- The Washington Times - Friday, August 6, 2010

ANALYSIS/OPINION:

Chevron Corp. dropped a bombshell last week in defending against a gold-digging lawsuit from Ecuador. The U.S. government should stand up for the California-based company and its millions of American stakeholders.

On Aug. 3, Chevron filed in federal court some transcripts of video footage appearing to show collusion between the American lawyers pushing the suit and a purportedly independent environmental expert assigned to the case by the Ecuadorean court. This consultant, Richard Cabrera, conjured up damages to the Ecuadorean ecosystem broad enough to turn a $1.5 billion suit into a $27 billion monster.

When the Ecuadorean court appointed Mr. Cabrera in May 2007, he signed an oath to perform his duties “faithfully … with complete impartiality and independence vis-a-vis the parties.” Mr. Cabrera, however, already was in bed with the plaintiffs. Video taken two weeks before his appointment shows him meeting with plaintiffs’ attorneys and others. A member of the group explained their plans to involve “our entire technical team … of experts, scientists, attorneys, political scientists, so that all will contribute to the report - in other words, you see … the work isn’t going to be the expert’s” (i.e., Mr. Cabrera‘s).

Pressed on that point, the speaker restates: “What the expert is going to do is [unintelligible] and sign the report and review it. But all of us [unintelligible] have to contribute to that report … together.” One of the plaintiffs’ environmental analysts adds, to much laughter, “But not Chevron.”

Another outtake shows the two analysts alerting lead plaintiff attorney Steven Donziger that they “don’t have” solid evidence on “the extent of the contamination.” Mr. Donziger responds: “This is Ecuador, OK. You can say whatever you want, and at the end of the day, there’s a thousand people around the courthouse, you’re going to get what you want. … If we take our existing evidence … and wanted to extrapolate based on nothing other than our, um, theory … we can do it. And we can get money for it.”

This evidence of what Chevron calls “pervasive corruption and fraud” comes on top of other embarrassments for the plaintiffs and the left-wing Ecuadorean government. Last August, the Ecuadorean judge assigned to the case was filmed discussing what sounded like a bribery scheme. In February, Dow Jones reported that Mr. Cabrera was the main shareholder of an environmental remediation company registered to do the lucrative work that could ensue from the lawsuit. In April, the main U.S.-based expert for the plaintiffs, Charles Calmbacher, swore under oath that the plaintiffs’ lawyers had submitted fraudulent reports under his name.
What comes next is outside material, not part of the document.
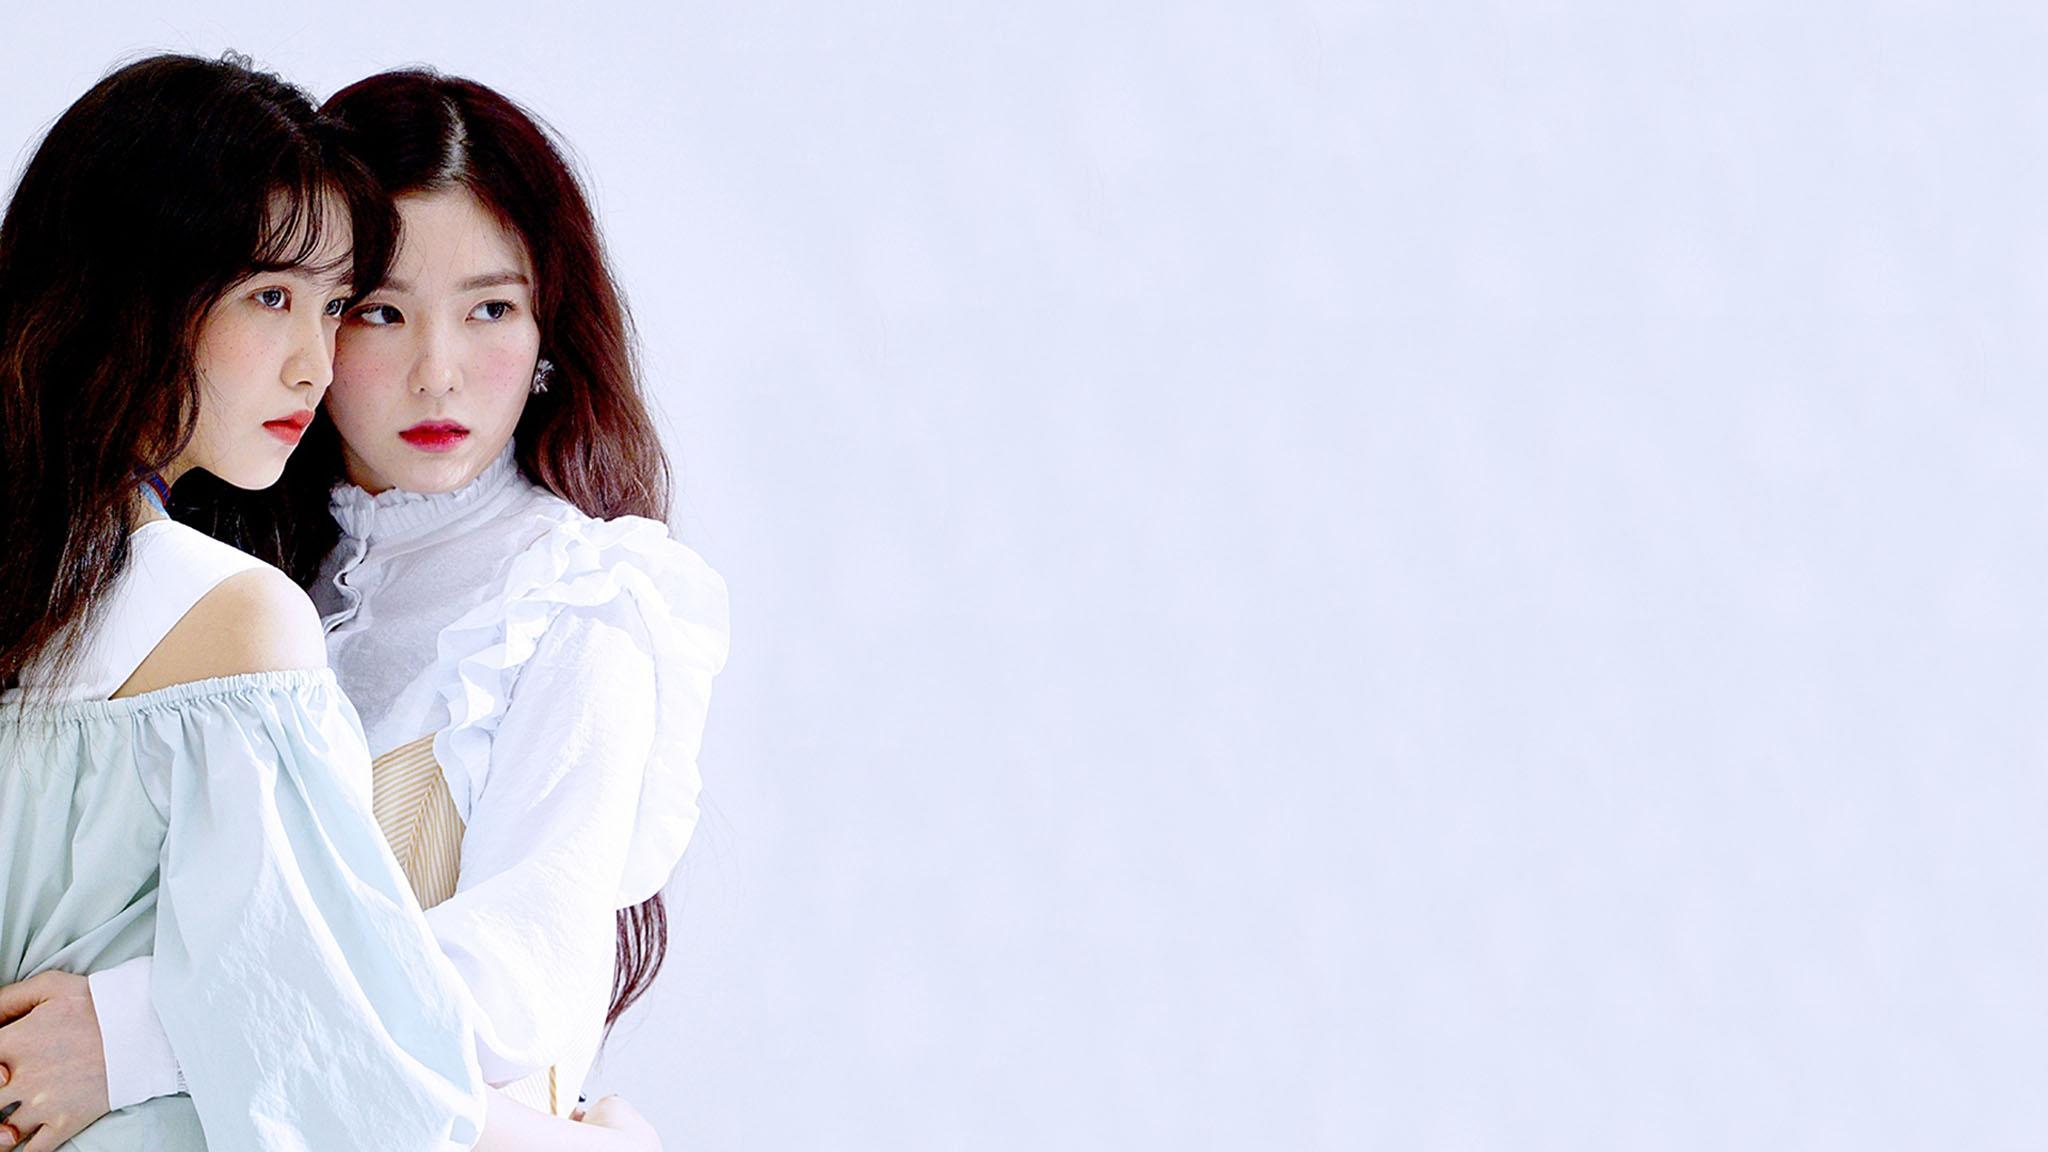 Red Velvet Images Yeri Irene Hd Fond D Ecran And Background Photos

All of this involves sites the Ecuadorean government certified - in 1998 - had been cleaned up. The suit is a transparent shakedown by a foreign government that the U.S. State Department, the United Nations and the International Bar Association all have labeled as unreliable or corrupt. The victim isn’t Ecuador; it’s the U.S. oil firm, its 206,000 shareholders and all the retirees whose pension funds invest in Chevron. It’s time for the Obama administration to step in by suspending Ecuador’s trade preferences and taking other diplomatic action to isolate its crooked government.